Science

Good News, Lazy Asses: Imagining Your Workout Is Beneficial

Getty Images / Cameron Spencer

You know how trainers annoyingly tell you to envision your perfect squat before you do it, the perfect run before you go for a jog, to sit and take stock of how you’re going to find inner peace in yoga even before you even attempt a Warrior 3?

They might be on to something. In a piece for Nautilus, cognitive scientist Jim Davies gives couch potatoes blankly staring at their Olympics lineup for tonight renewed hope that maybe they’re not wasting their time. Davies says that daydreaming is a good way to get into the exercising mood. “When you imagine exercising, your breath and heart rate actually increase,” he writes. “Mental practice is one of the few effective performance-enhancing activities.”

This isn’t the first time science has suggested the best way to kickstart an exercise regimen is by imagining it. A 2014 study suggests that just imagining exercise can lead to twice as much strength as just going for it. It’s probably because your brain and body are much more connected than you think: Muscles, after all, move the way they do because your brain is constantly communicating with them.

And it’s downright powerful. Imagining your pinky is stronger leads to a 22 percent increase in strength. Actually exercising the muscles in your pinky? Thirty percent. Talk about efficiency.

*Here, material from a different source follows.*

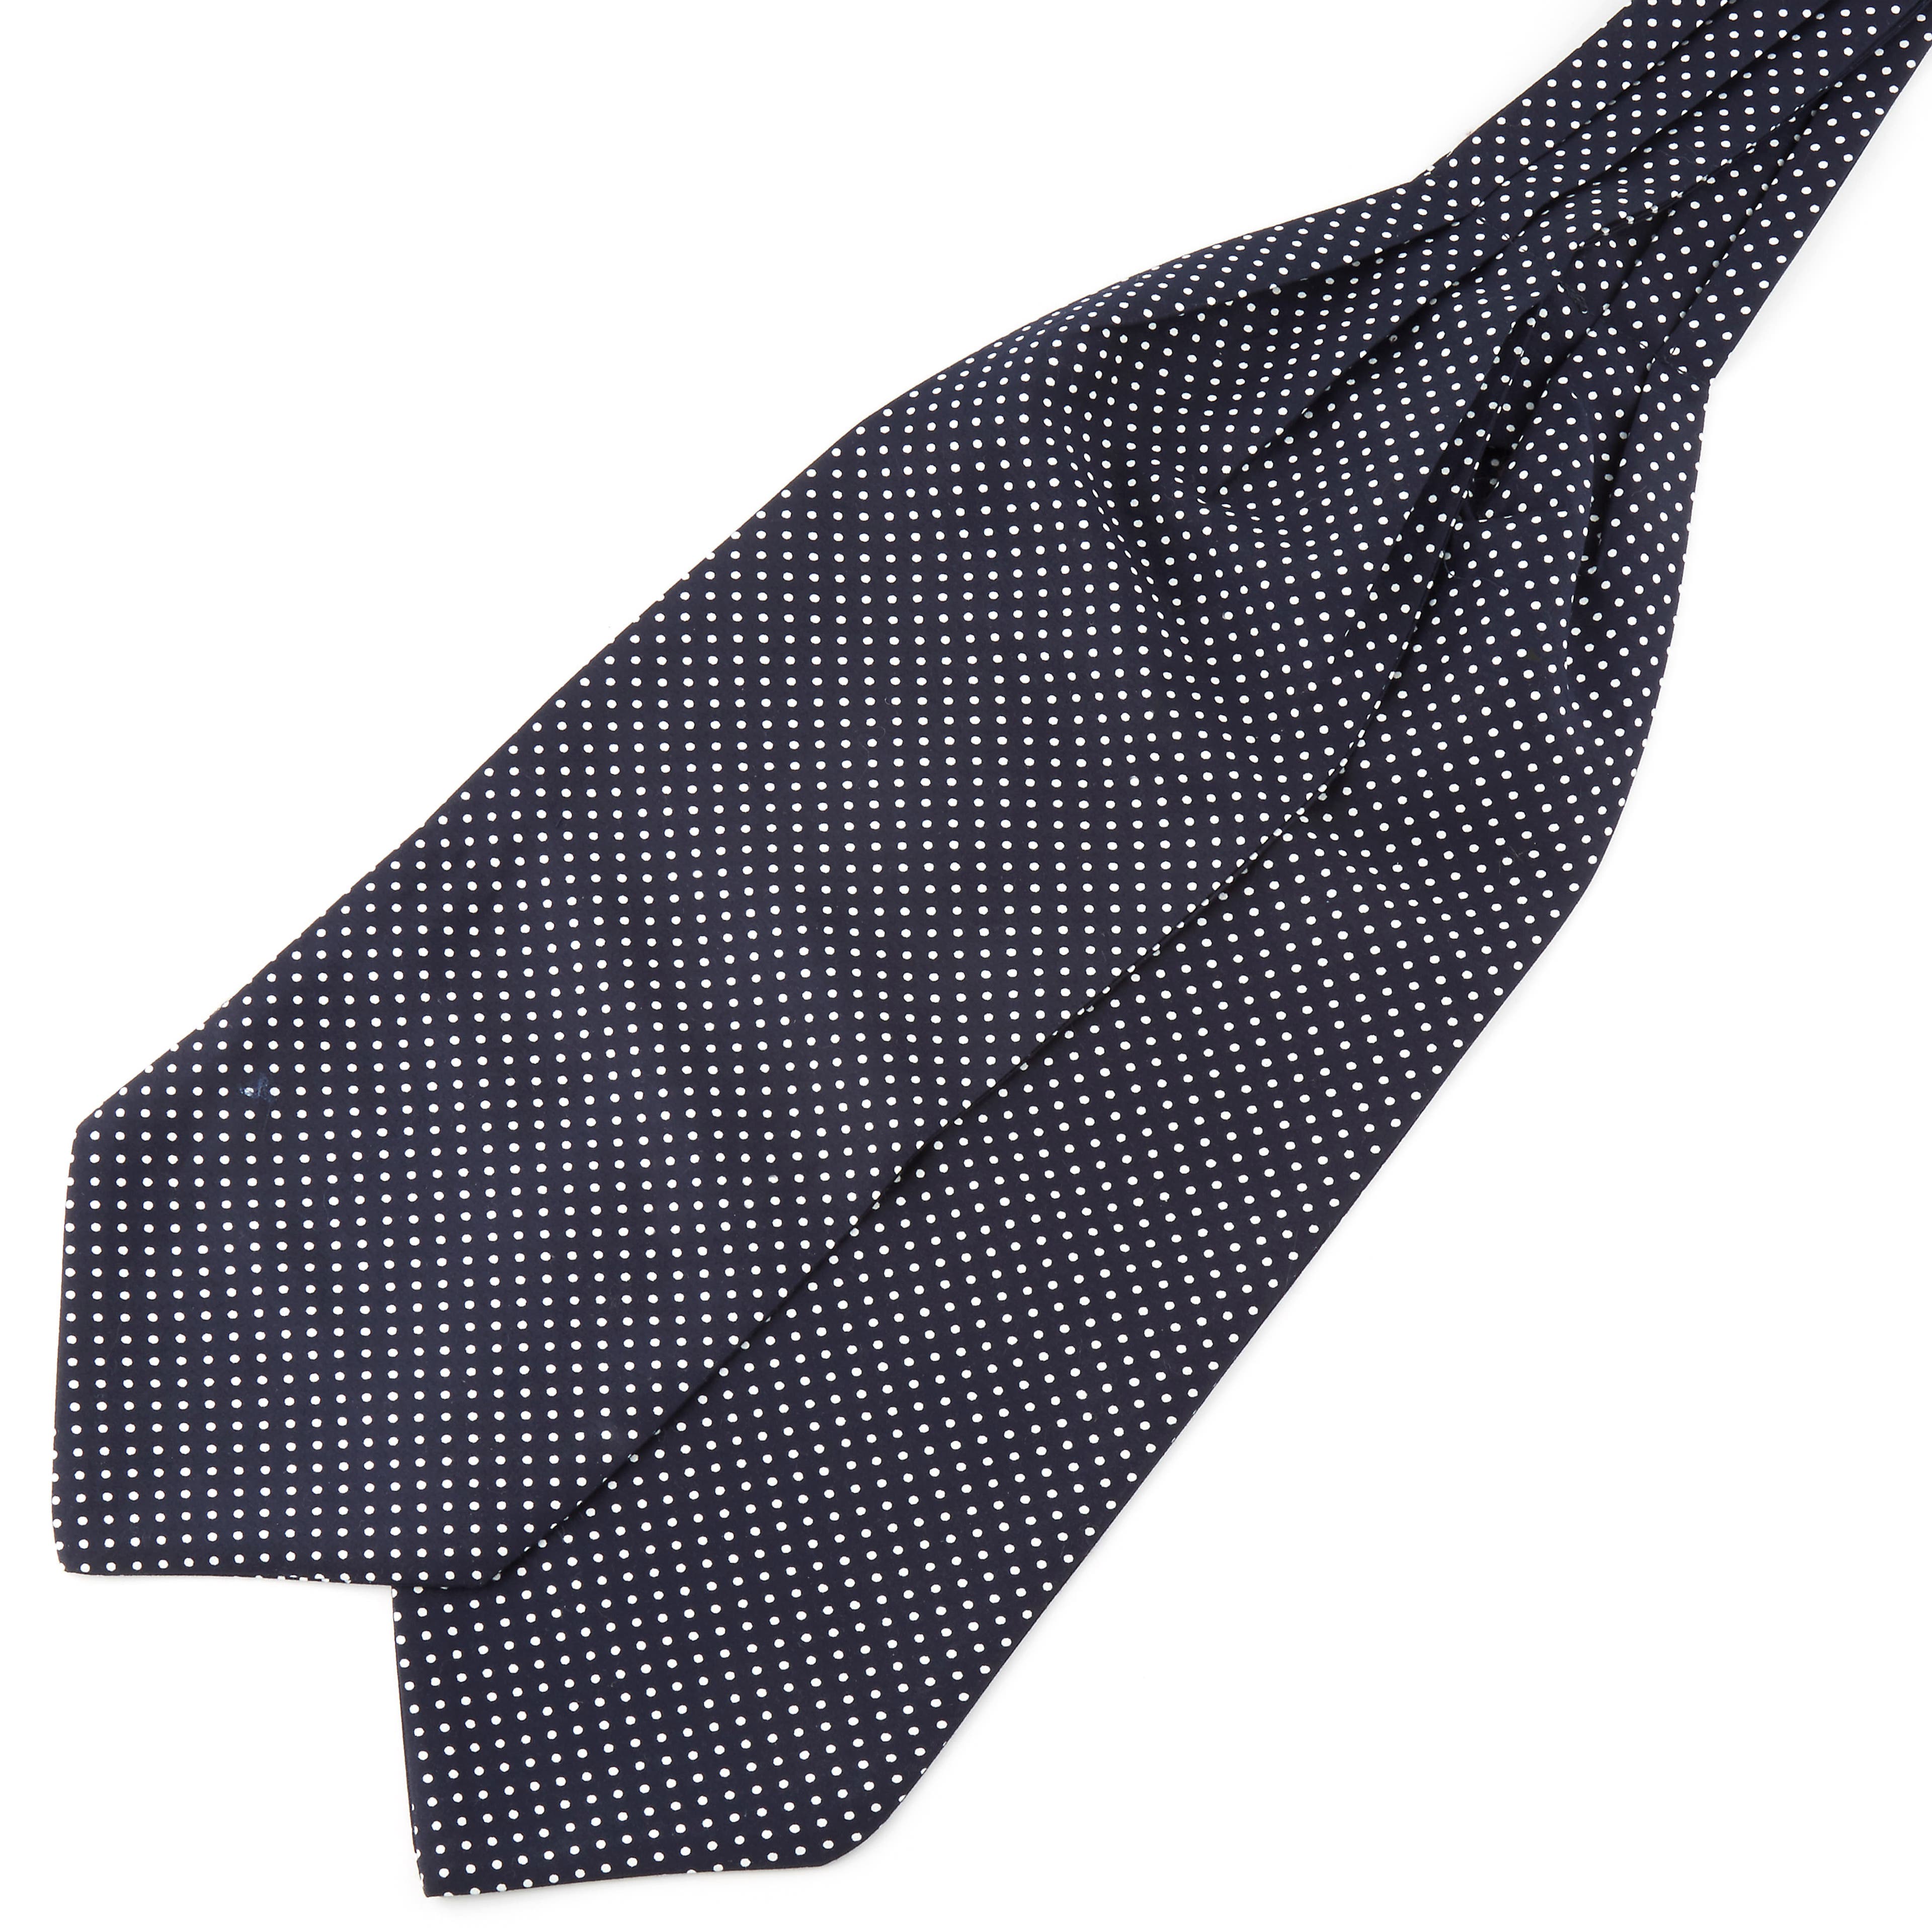 Cravate Ascot bleu marine à pois blancs

That’s not to say that you can get away with just sitting around and dreaming of your rock hard bod — that, unfortunately, still requires you to hit the gym. And Davies points out that 20 minutes is really all you want to expend on dreaming of how Usain Bolt-like your run is going to be without actually, you know, running. But this does mean that admiring the athletes strutting across your screen or even Dwayne Johnson belting out a few overhead presses in the Ballers trailer can be a good literal kick in the ass to get moving.